Maybe I'm just cynical, but at my MM, we have rarely seen family offices compete for deals in auctions and it seems there are more and more being formed weekly, if not daily. I'm astounded at how much capital is now going into the market to try and compete with traditional PE and strategics, particularly in the MM (I see some value in the LMM and even more in the sub $10mm EV space).
Now, one pitch from some family offices has been "we aren't trying to compete with PE because we are different (e.g. longer holds, less transactional, more passive ownership, better people, etc.)". But, let's be realistic here, there are only so many unbanked deals that happen in the MM (and even LMM), and to assume that they are going to fall into their laps seems quite ignorant.
Now, some have assembled teams that are focused on business development and trying to identify and execute one-on-one with family-owned and closely-held businesses. But, they are spending millions of dollars chasing deal flow with an expectation that they will actually close proprietary deal(s) and that these investments will actually perform well.
On the other hand, they are going into auctions with conservative capital structures and playing the "better partner" scenario, which is difficult in a market where leverage is dictating double digit returns on almost any decent asset.
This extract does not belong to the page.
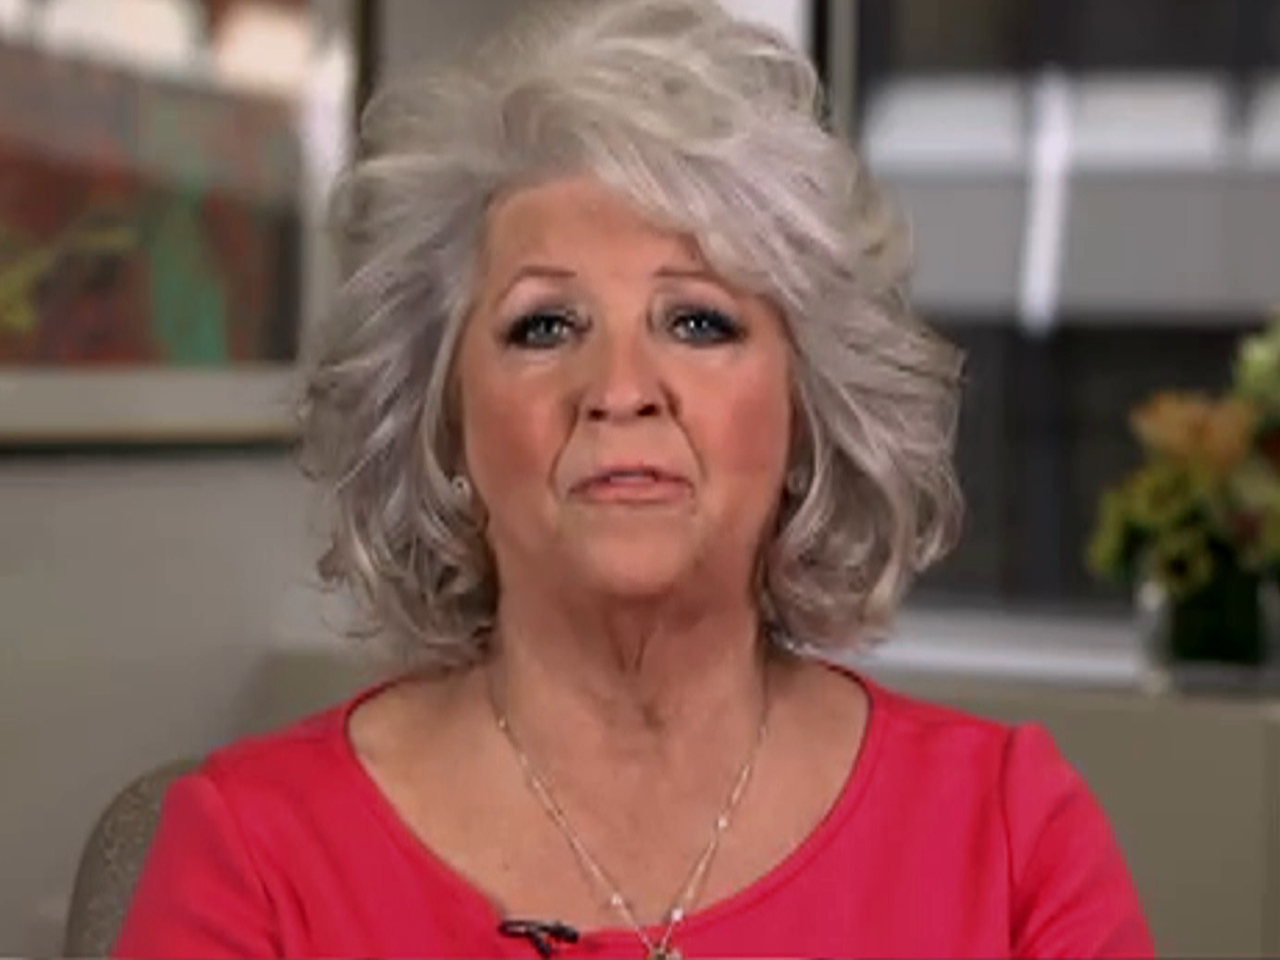 New Paula Deen website will include documentary about downfall

I get that family offices can save significant fees if they start doing deals direct, but I just don't think they realize just how hard that is. The patient capital approach will resonate in certain deals and with certain management teams, but with the proliferation of quantity of family offices, there will likely be several to the table if that is an optimal transaction partner.
Until they start differentiating themselves (e.g. Pritzker Rosewood, Metropolous), I don't see a rapid transformation for the majority of deals.
NOTE: Sorry for the rant and poor grammar, on a place post-pitch and tired af.